O vice-presidente da FIESP José Ricardo Roriz Coelho afirmou que alguns países produtores de petróleo construíram uma sólida cadeia de fornecedores nesse segmento, com aplicação de políticas de conteúdo local e citou como exemplo Estados Unidos, Canadá, China, Noruega e Reino Unido. Por outro lado, os países que priorizaram exclusivamente a extração de petróleo e gás em detrimento do fortalecimento de uma cadeia produtiva local não avançaram na geração de riquezas. Entre eles estão Bolívia, Equador, Líbia, Nigéria e Venezuela.

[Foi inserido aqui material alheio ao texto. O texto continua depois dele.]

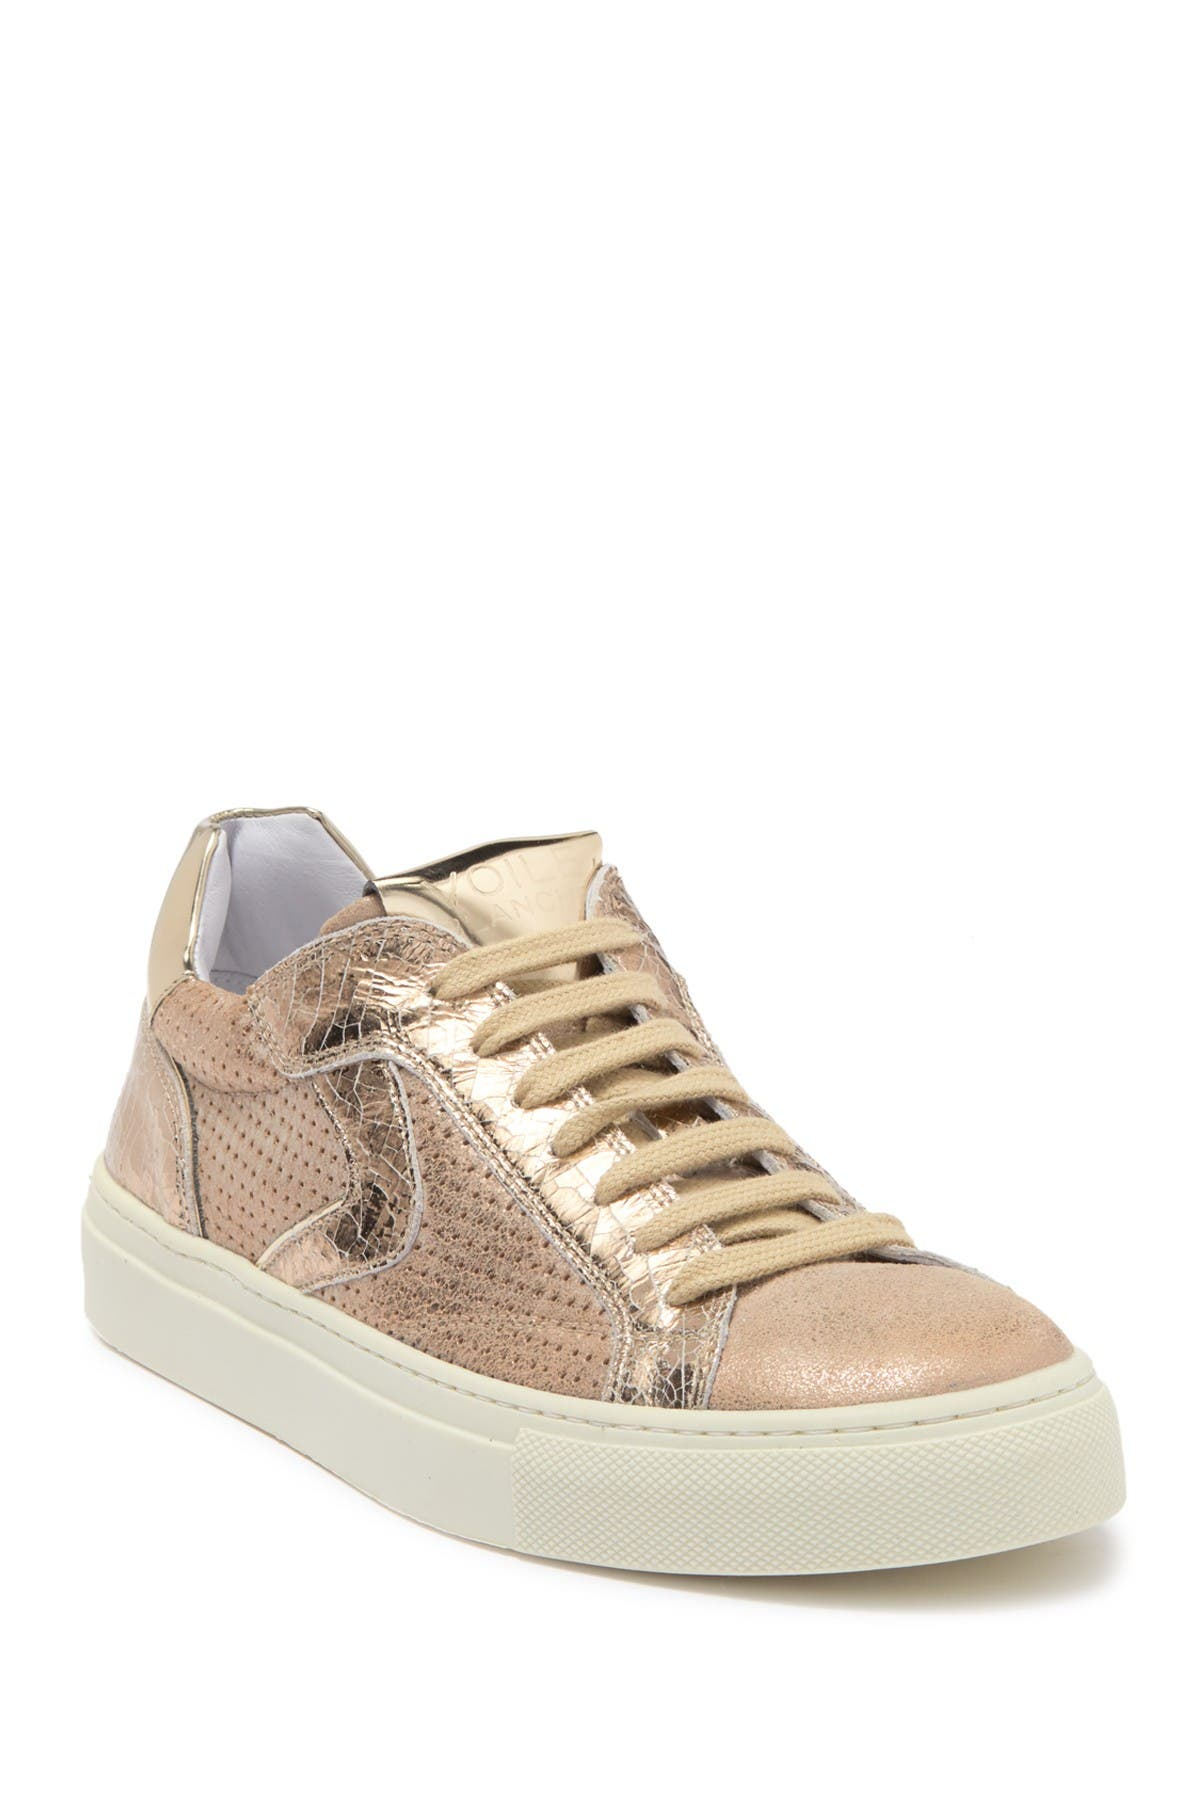 Image of Viola Blanche Capri Leather Sneaker

Durante sua apresentação no evento, o coordenador do Comitê de Petróleo e Gás da FIESC, Edgar Cardoso da Silva, declarou que “é imperativo que o Brasil dê andamento à sua política industrial, com contrapartidas econômicas e tecnológicas que beneficiem o País. É urgente a realização de medidas de resgate da cadeia fornecedora para o setor de petróleo e gás”.

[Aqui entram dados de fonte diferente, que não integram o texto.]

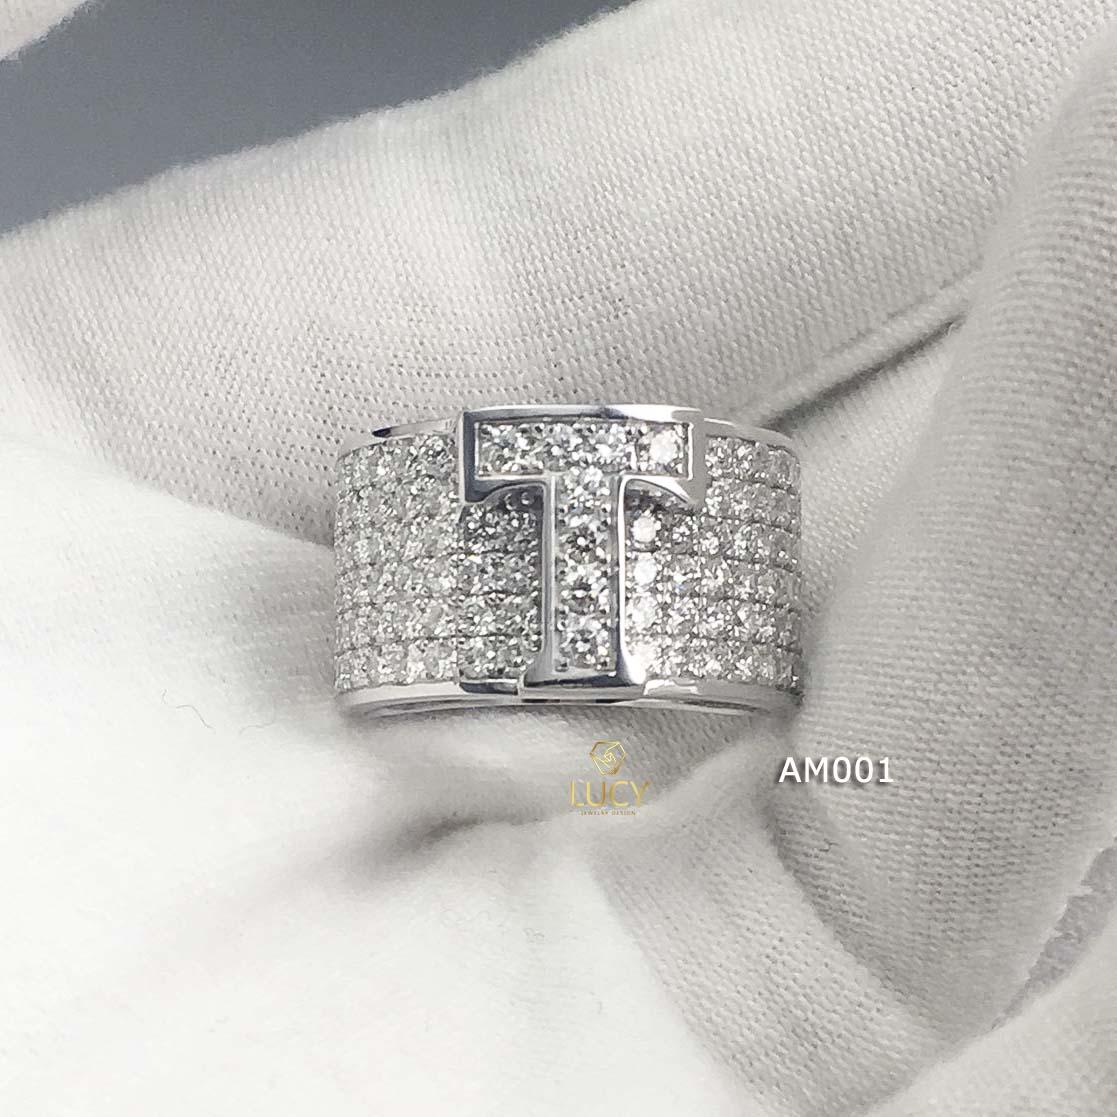 AM001 Nhẫn vàng nam hàng thiết kế LUCY JEWELRY

No seminário, as empresas Weg, de Jaraguá do Sul, e Altona, de Blumenau, relataram sua experiência como fornecedoras do setor. Pedro Filipe Piva, chefe de vendas da área de energia da Weg, disse que nos últimos anos foram construídos cerca de 200 barcos de apoio e em 80% deles têm equipamentos fornecidos pela empresa, sem contar as plataformas.

“As regulamentações de conteúdo local não devem ser confundidas como uma ferramenta de defesa de mercado, mas sim, como um importante instrumento de política industrial, que busca a formação de uma cadeia de fornecedores internacionalmente competitiva”, afirmou Piva. Segundo ele, a exploração e produção de energia e petróleo nos campos brasileiros constitui uma possibilidade para o fortalecimento da indústria nacional de base. “A ampliação da indústria para uma escala capaz de suprir as necessidades do setor petroleiro elevará a posição brasileira no âmbito internacional, tornando o Brasil um grande player desse setor no mercado mundial”, finalizou Pedro.

Ao final do evento, o representante do polo de Itajaí e Navegantes, Carlos Teixeira, disse que esse mercado deve ter melhora mais significativa a partir de 2020, tendo em vista a ociosidade do setor no mundo, com cerca de 300 navios parados. Segundo ele, neste momento, os estaleiros do Estado não registram novas contratações. “O que está rodando é o que já foi contratado”, ressaltou. Teixeira salientou ainda que a crise, especialmente da construção naval, é de nível mundial e vem puxada pelas transformações no setor, que tem natureza cíclica.